I have an application with dependency injection that consumes a REST API. The API calls are abstracted into entity-specific repositories. Some of the repositories are: HttpNotebookRepository
, HttpPageRepository
, HttpBookmarkRepository
, HttpUserRepository
and their corresponding interfaces.
I have a NotebookHierarchyController
which requires four of these repositories via constructor injection:
// constructor
public NotebookHierarchyController(
NotebookRepository notebookRepo,
PageRepository pageRepo,
BookmarkRepository bookmarkRepo,
UserRepository userRepo, <other dependencies>
) { .. }
There a multiple such controllers requiring more than one or two repositories. I have been planning to create a composite repository as follows:
public class CompositeRepository {
private NotebookRepository notebooks;
private PageRepository pages;
private BookmarkRepository bookmarks;
private UserRepository users;
public CompositeRepository(NotebookRepository notebooks,
PageRepository pages,
BookmarkRepository bookmarks,
UserRepository users) {
// assign to fields
}
public NotebookRepository notebooks() {
return notebooks;
}
public PageRepository pages() {
return pages;
}
public BookmarkRepository bookmarks() {
return bookmarks;
}
public UserRepository users() {
return users;
}
}
And then inject it into my controller:
// constructor
public NotebookHierarchyController(CompositeRepository repo) { .. }
I now easily have access to all repositories:
repo.notebooks().updateName(..);
repo.sections().add(..);
...
I have people do this in some implementations of the Unit of Work Pattern.
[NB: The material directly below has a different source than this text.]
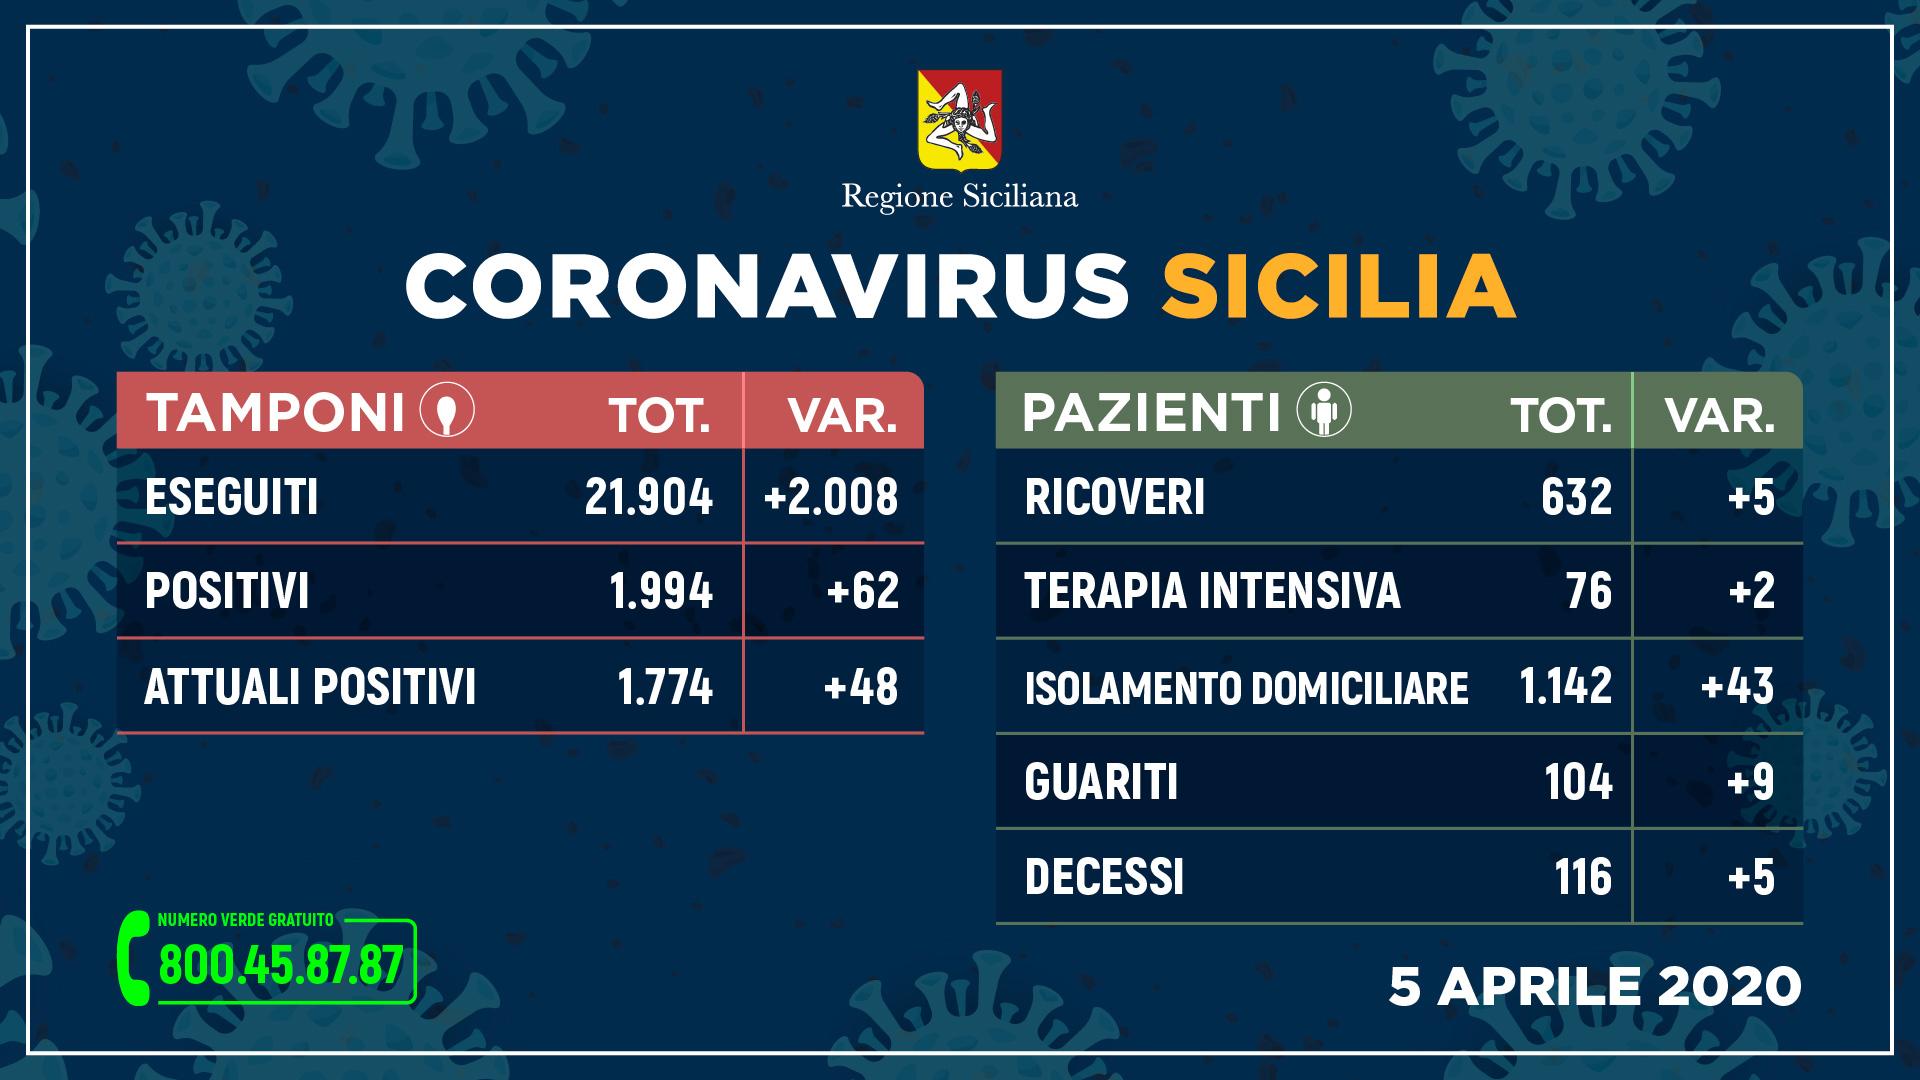 Coronavirus Sicilia 5 aprile, i positivi superano la quota duemila, i deceduti sfiorano i 120

However, as far as I understand, the goals of a unit of work are different. It is primarily for transaction coordination. This may also be different from wrapping the repository in a service to add business logic and decoupling.
What I've done is a simple grouping of repositories into one service for convenience. Is this an anti-pattern? Or should I prefer individually injecting each repository? Or is there a more accepted and standard way to deal with this?